Here's how the algorithm would work step-by-step:

Think of the grid as a map and each cell as a location. You start at the top left and want to reach the bottom right.
Instead of trying every possible path, which would take forever, imagine building a table. This table will store the best score you can get to reach any particular cell.
Start filling out the table. The top-left cell is easy; it's just the value in that cell.
For each cell, look at the cells directly above it and to the left. Since you can only move right or down, those are the only places you could have come from.
Choose the path that gives you the best score to reach the current cell. That means adding the current cell's value to the better of the two scores from above or left.
Store this best score in the table for the current cell.
Continue this process row by row and column by column until you reach the bottom right. The value in the bottom-right cell of the table will be the maximum possible score you can get.
By storing the best scores to reach each cell, you avoid recalculating the same paths over and over, making the solution much faster.

Code Implementation

def max_score_from_grid_operations(grid):
    number_of_rows = len(grid)
    number_of_columns = len(grid[0])

    # This table stores the maximum score to reach each cell.
    maximum_score_table = [([0] * number_of_columns) for _ in range(number_of_rows)]
    maximum_score_table[0][0] = grid[0][0]

    # Initialize first row.
    for column_index in range(1, number_of_columns):
        maximum_score_table[0][column_index] = maximum_score_table[0][column_index - 1] + grid[0][column_index]

    # Initialize first column.
    for row_index in range(1, number_of_rows):
        maximum_score_table[row_index][0] = maximum_score_table[row_index - 1][0] + grid[row_index][0]

    # Fill the table using dynamic programming.
    for row_index in range(1, number_of_rows):
        for column_index in range(1, number_of_columns):

            # Choose the path with the max score from top/left.
            maximum_score_table[row_index][column_index] = max(
                maximum_score_table[row_index - 1][column_index],
                maximum_score_table[row_index][column_index - 1],
            ) + grid[row_index][column_index]

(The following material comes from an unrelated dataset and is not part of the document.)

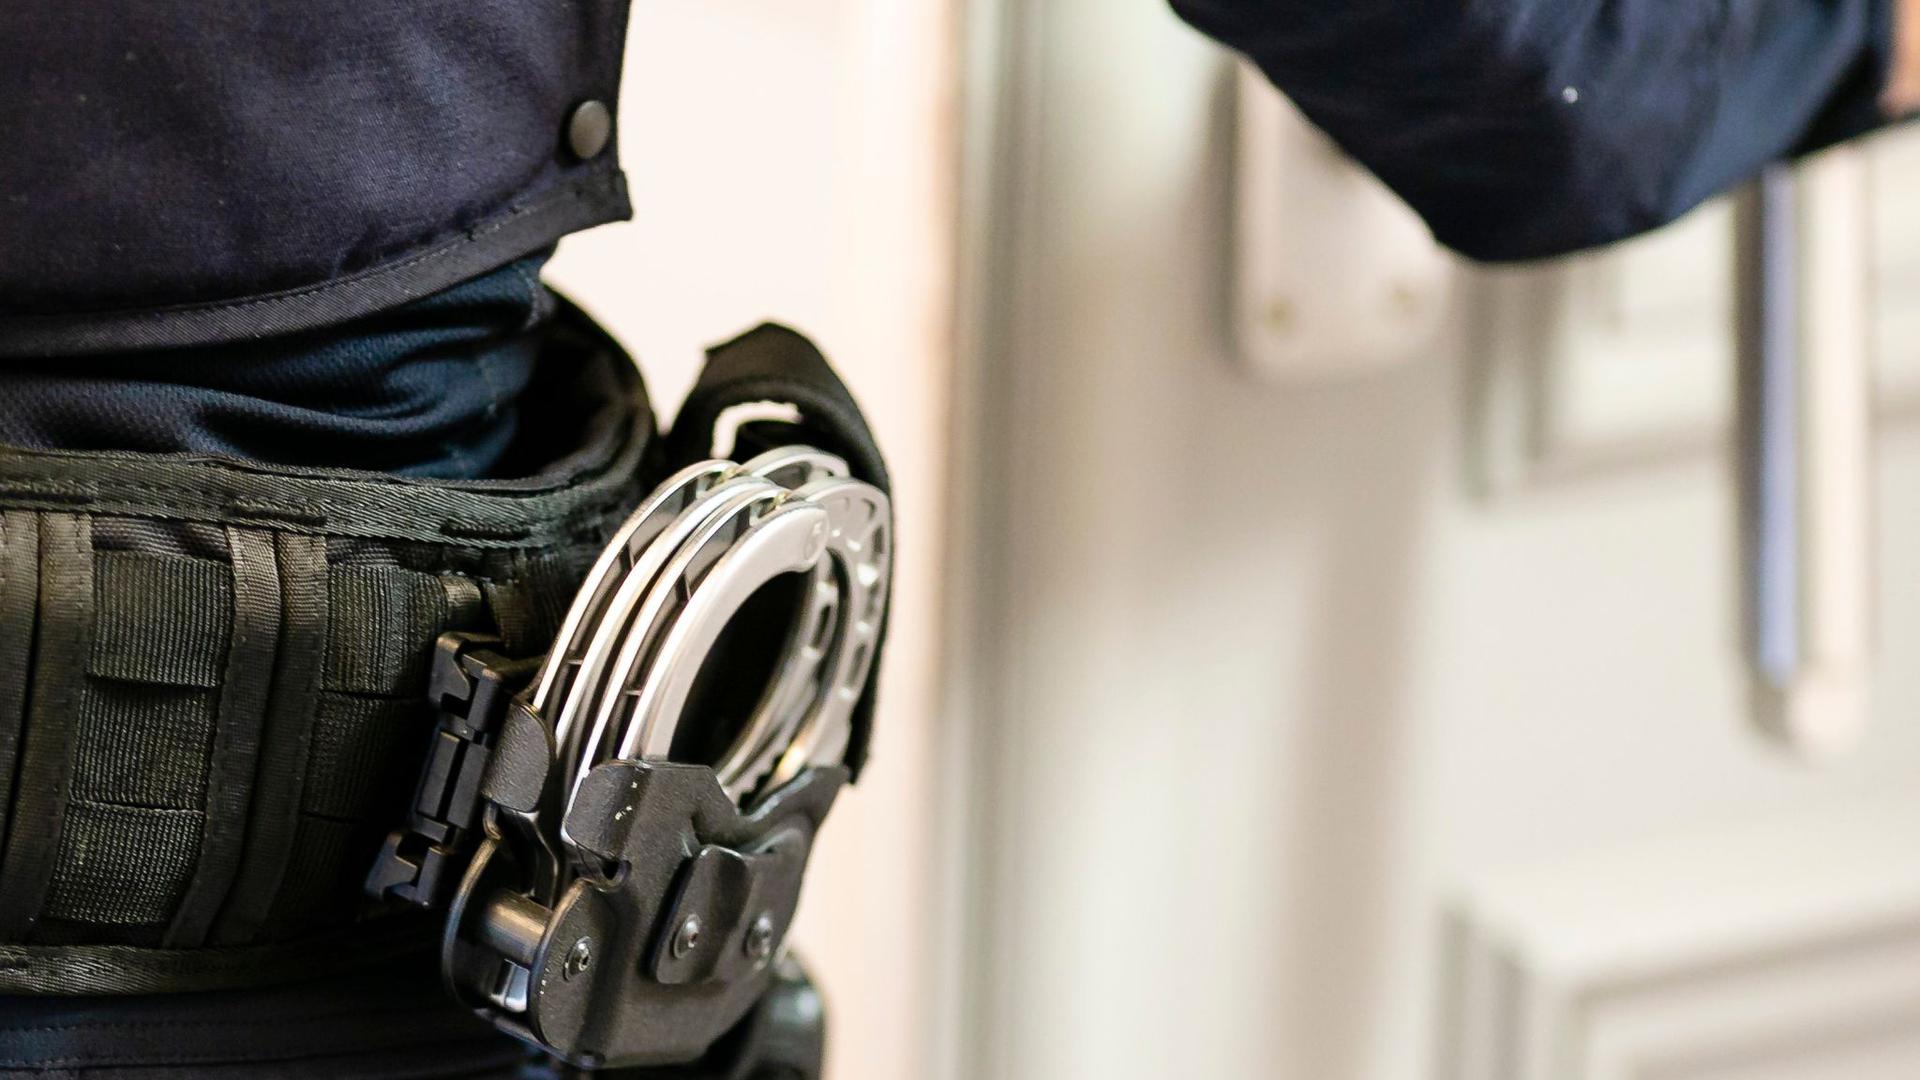 Handschellen sind an einem Gürtel eines Justizvollzugsbeamten befestigt.

    # Result holds maximum score to reach bottom right.
    return maximum_score_table[number_of_rows - 1][number_of_columns - 1]

Try it yourself on LeetCode

Big(O) Analysis

Time Complexity

O(m*n) – The algorithm iterates through each cell of the grid once to calculate the maximum score to reach that cell. The grid has 'm' rows and 'n' columns. For each cell, a constant amount of work is performed to look up the best scores from the cells above and to the left. Therefore, the time complexity is proportional to the number of cells in the grid, resulting in O(m*n).

Space Complexity

O(N*M) – The dynamic programming solution described uses a table to store the maximum score to reach each cell. If the grid has N rows and M columns, this table will have dimensions N x M. Therefore, the auxiliary space required is proportional to the number of cells in the grid, which is N*M. This table is the dominant factor in space complexity.

Edge Cases

Case	How to Handle
Null or empty grid	Return 0 if the grid is null or empty, as there are no cells to visit.
Grid with only one row or one column	Iterate through the single row or column and sum the values.
1x1 grid	Return the single cell's value directly.
Grid with negative numbers	The dynamic programming approach should correctly handle negative numbers, potentially leading to negative maximum scores.
Grid with all zeros	The DP solution will correctly compute a maximum score of 0.
Integer overflow in score calculation	Use a larger data type (e.g., long) for the score to avoid integer overflow.
Large grid dimensions that cause memory issues with DP	The DP table should be allocated within available memory limits, and the complexity should be analyzed beforehand.
Grid with extremely large positive and negative values	Ensure that the chosen data type for storing cell values and the accumulated score can accommodate these extreme values without overflow or loss of precision.